As men returned home from World War II and women reentered the domestic realm, "mother's little helpers" like Valium and Librium enabled housewives to cope with the mundane tasks of their everyday lives. Though the drugs were originally marketed to both genders, it quickly became clear that an ongoing national masculinity crisis would not allow for manly men to pop pills prescribed for effeminate nerves. By the time the earliest studies on the drug class were conducted in the 1960s, women were being prescribed Valium twice as much as men.
As the Miltown class of drugs became known as solely "women's drugs" in the 1950s and 60s, the kind of far-reaching neuroses the drugs treated were considered feminine as well. Medical journals from the time period depict "viciously misogynist" cartoons of stereotypically anxious female patients with "vague complaints" and anxieties, says Herzberg. From textbooks published at the same time, "it's clear that there [was] an expectation that women are mentally weak and that they're liable to have all kinds of neuroticism and anxiety," Herzberg added.
SSRIs are used by at least 25 percent of American women between ages 40-50.
Though modern women don't have to contend with the same kind of ignorance, there is still a common perception that the female sex is sadder, or at least more "emotional," than the opposite sex.
"People talk about how down they feel, how tired they feel, how depressed they feel; that kind of speech is commoner among women than it is among men," says Dr. Shorter.

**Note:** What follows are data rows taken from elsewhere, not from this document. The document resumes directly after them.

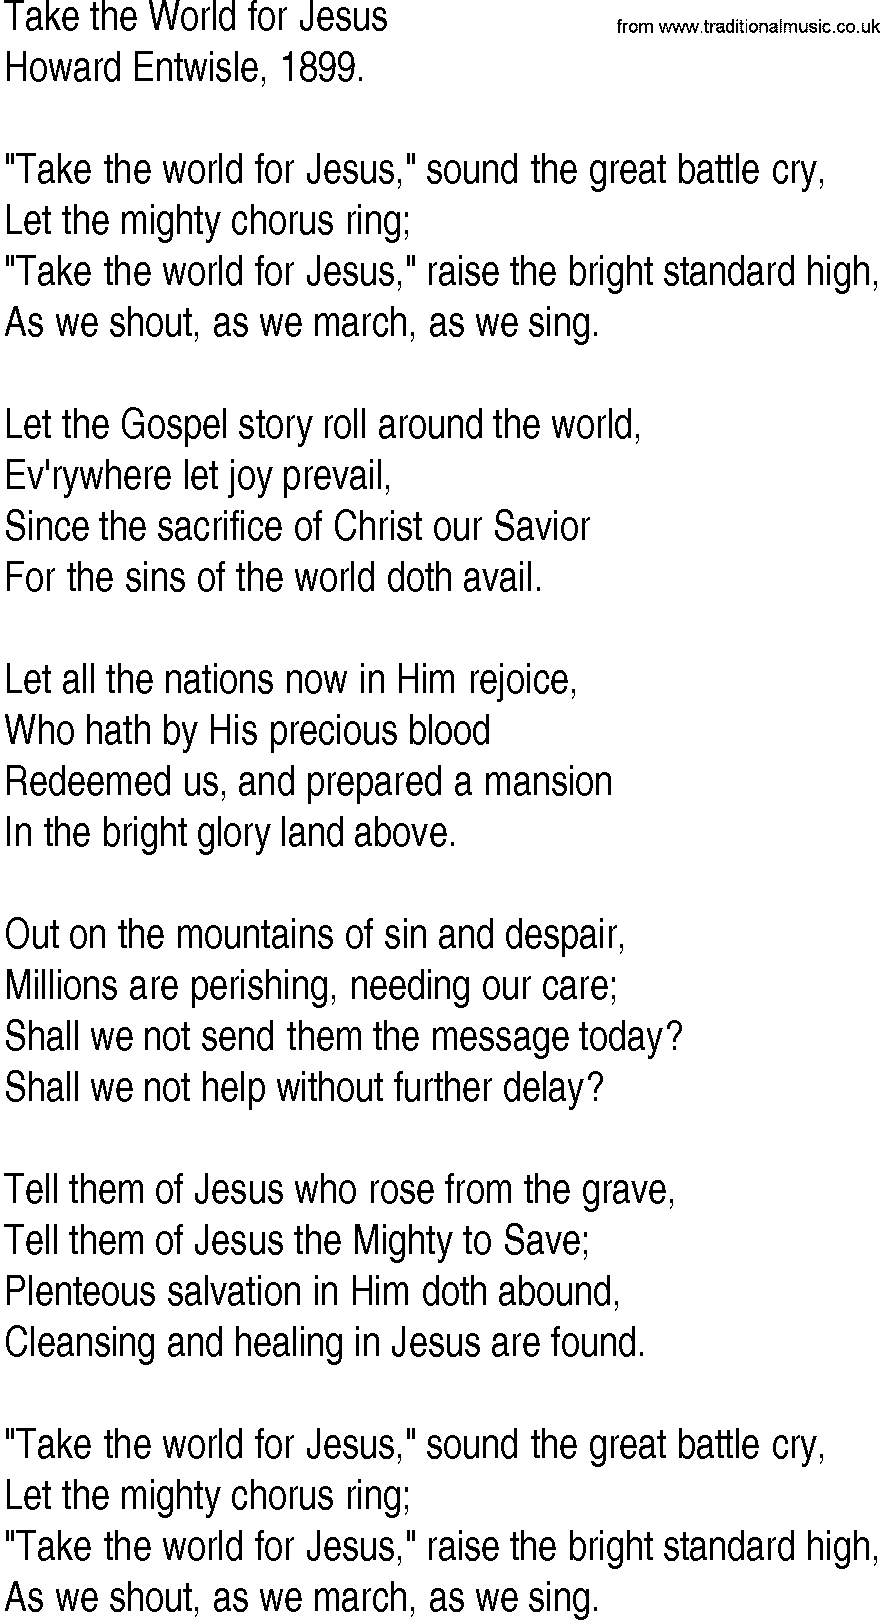 Hymn and Gospel Song: Take the World for Jesus by Howard Entwisle lyrics
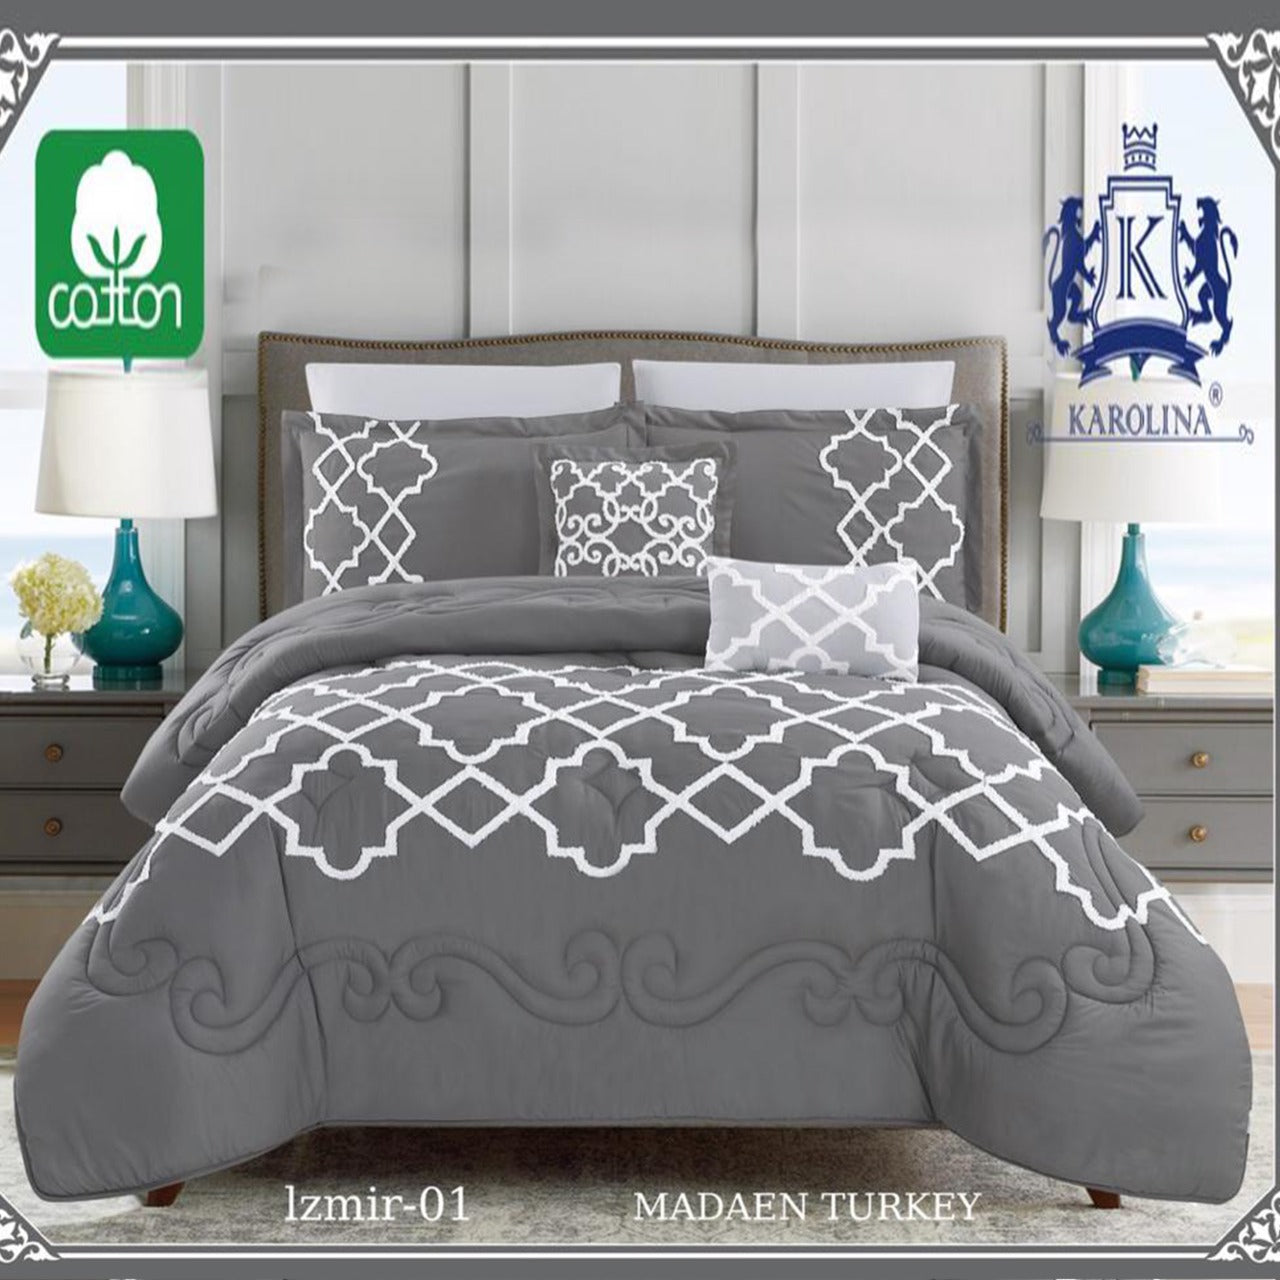 10 Piece Comforter Bedding With Sheet and Decorative Pillow Shams | Made in Turkey Izmir - 01 Zaappy
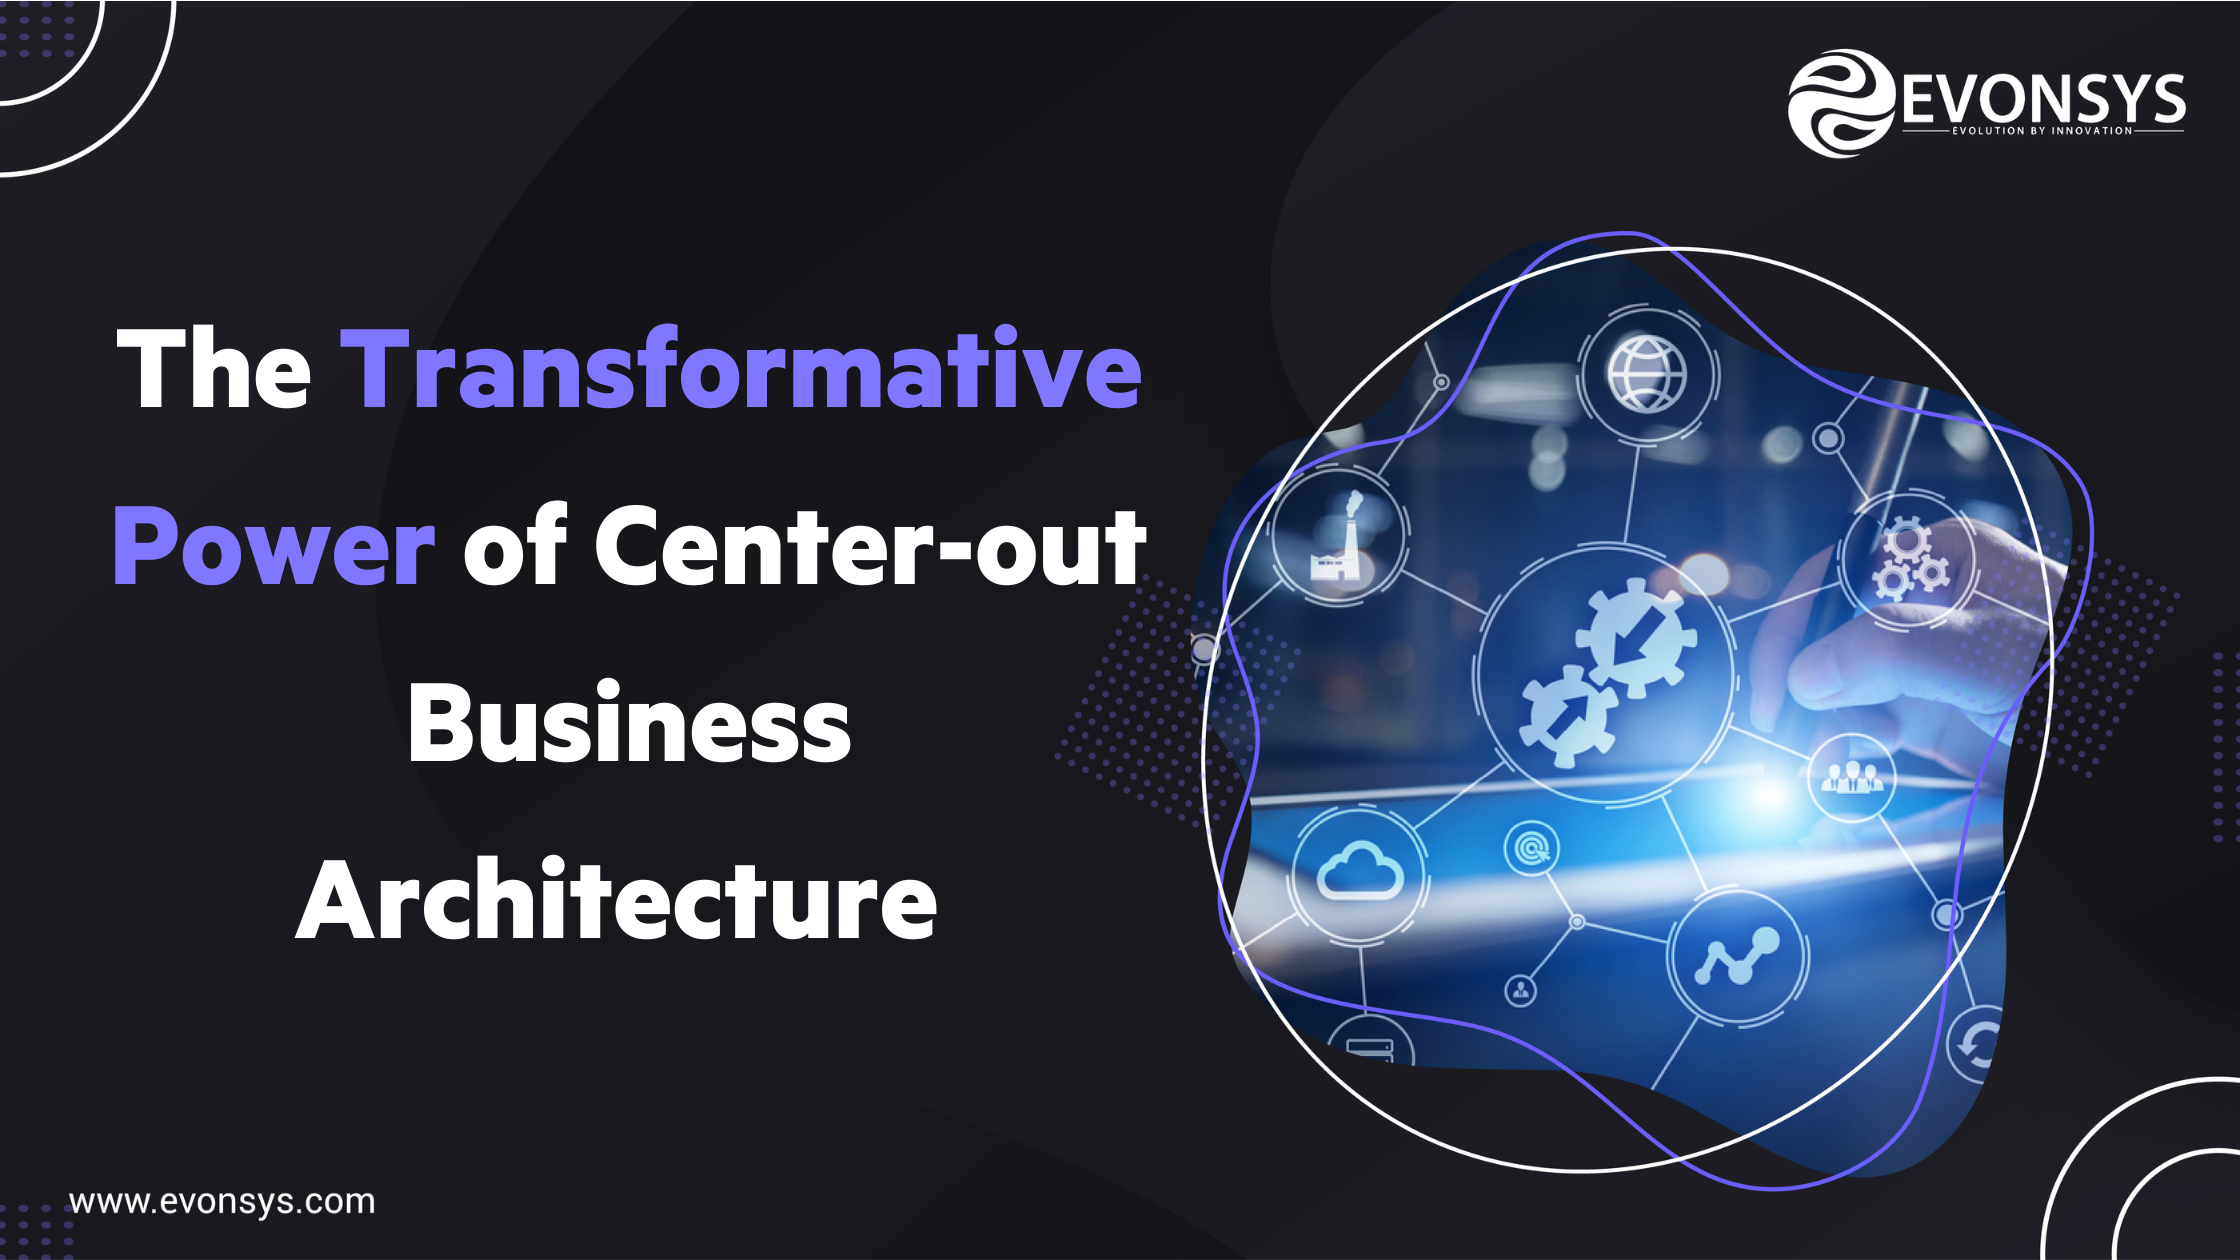 EvonSys_The Transformative Power of Center-out Business Architecture 
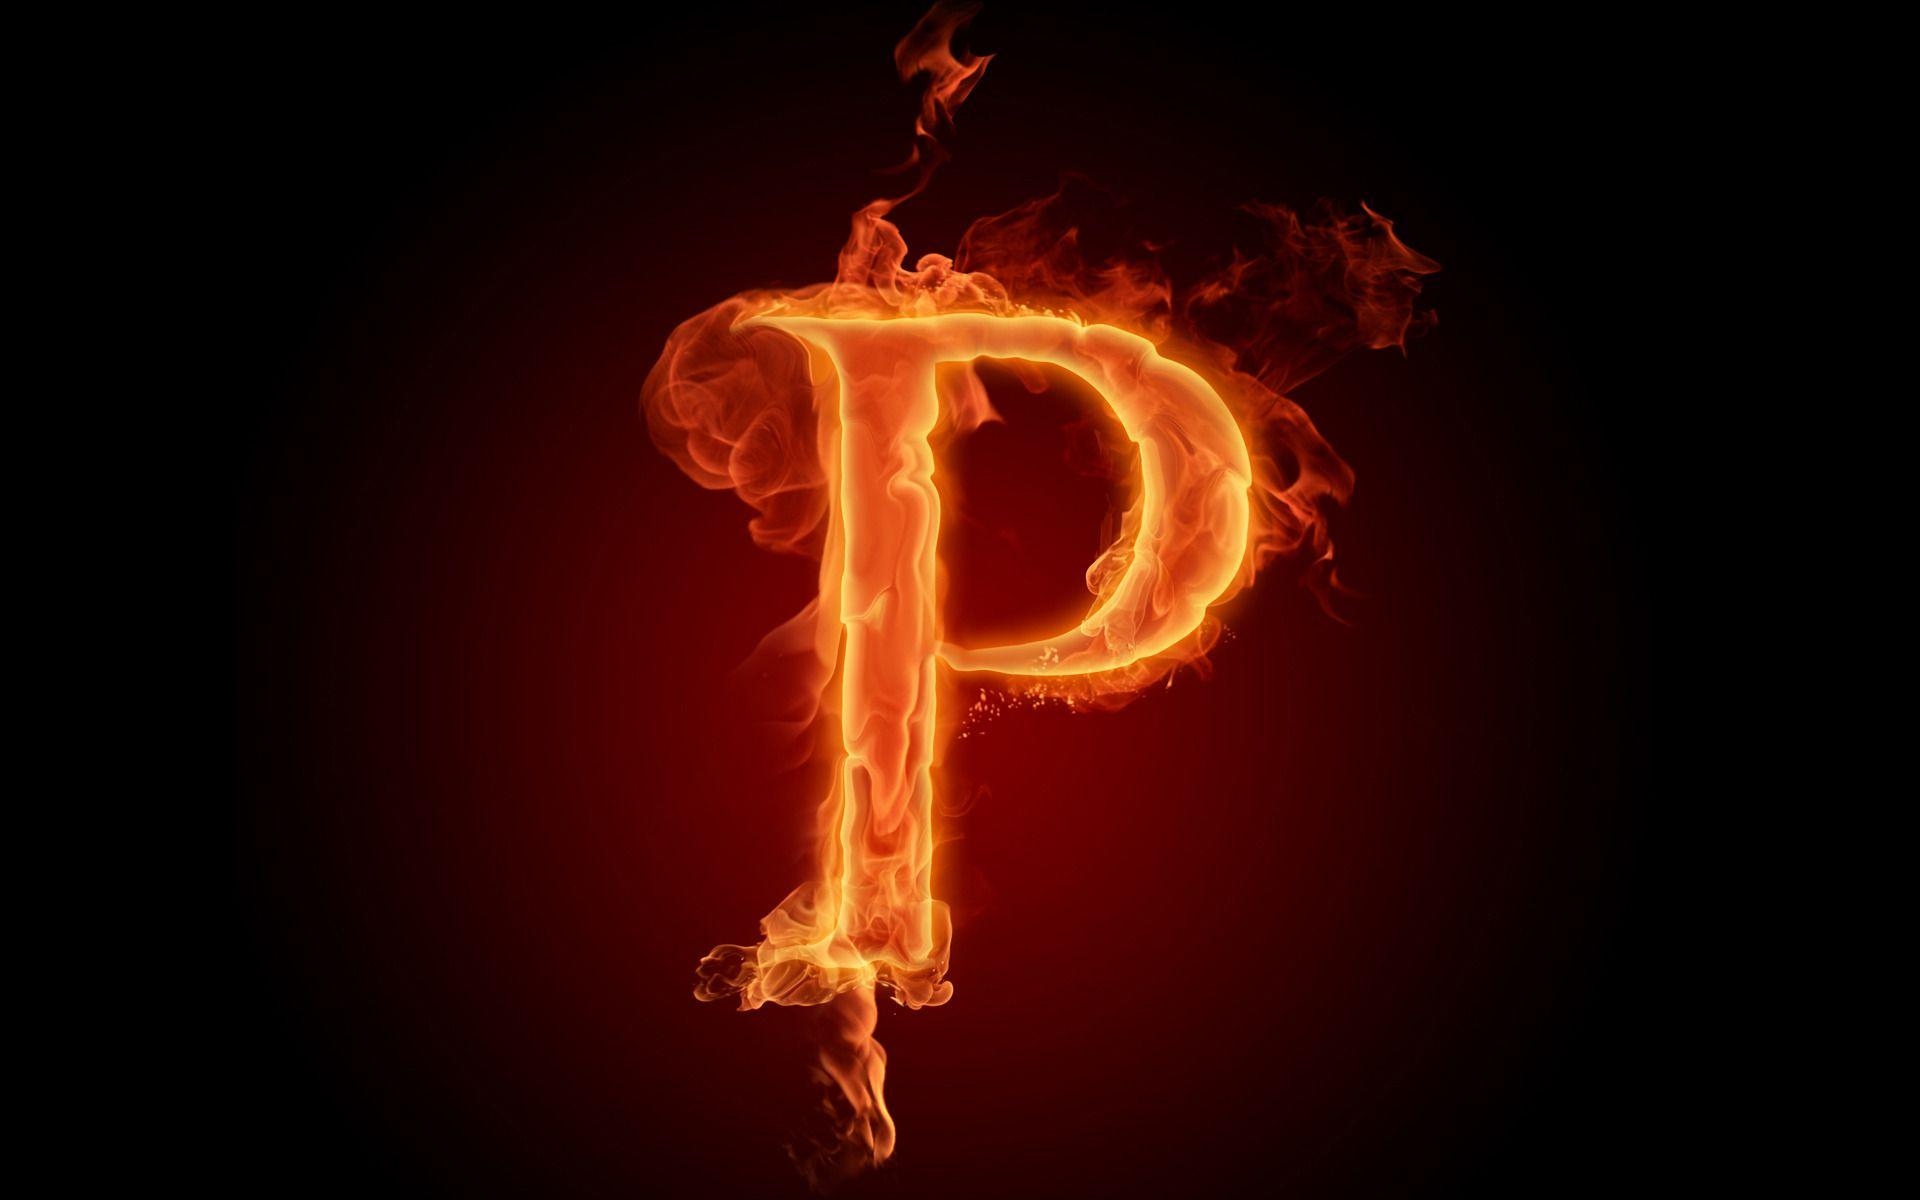 P Letter Design In Flame

Back in the 60s, feminists like Betty Friedan railed against the pharmaceutical industry's generalization of the "problem that has no name"—her label for the kind of fatigue and feelings of emptiness that many housewives were treating with popular tranquilizers—arguing that women's predisposition to nervous illness had less to do with anxiety and depression than their failure to live fulfilled lives. Herzberg agrees: "If you have a group of people whose life choices you're limiting, they're going to end up less happy, on average."
Today, psychiatrists like Julie Holland, author of Moody Bitch, argue that Big Pharma's barrage of marketing on daytime television and in women's magazines is creating a "new normal" in which understandable and biologically natural female emotion is overly medicated.
Which brings us to today's antidepressants and anti-anxiety medication: SSRIs are used by at least 25 percent of American women between ages 40-50. The national average stands at around 10%, with 1 in 10 Americans on antidepressants. With the arrival of Prozac in the late 1980s, selective serotonin re-uptake inhibitors like Zoloft and Paxil have enjoyed a relatively unchallenged reign as the leading blockbuster drugs for the past two decades. Part of the reason for the drugs' uninhibited success is the lack of harmful side effects like those seen in Valium, barbiturates, and morphine.
"They were pumped up greatly in the 90s. They're considered so safe that you might as well try it," says Rasmussen.
As the drugs went off patent in the 00s, Big Pharma now stands to gain less and SSRIs have lagged in popularity. The next frontier looks to be antipsychotic drugs of the class usually used to treat psychosis or bipolar disorder. Abilify, for example, is currently the number one selling drug in America, outperforming even nonpsychiatric drugs.
Just don't expect it to stay that way forever. "The whole gig, the whole blockbuster status relies on the magic of 'this will make everything better,'" says Herzberg.
And when that magic fades—as it's been shown to, time and time again—it's on to the next big thing.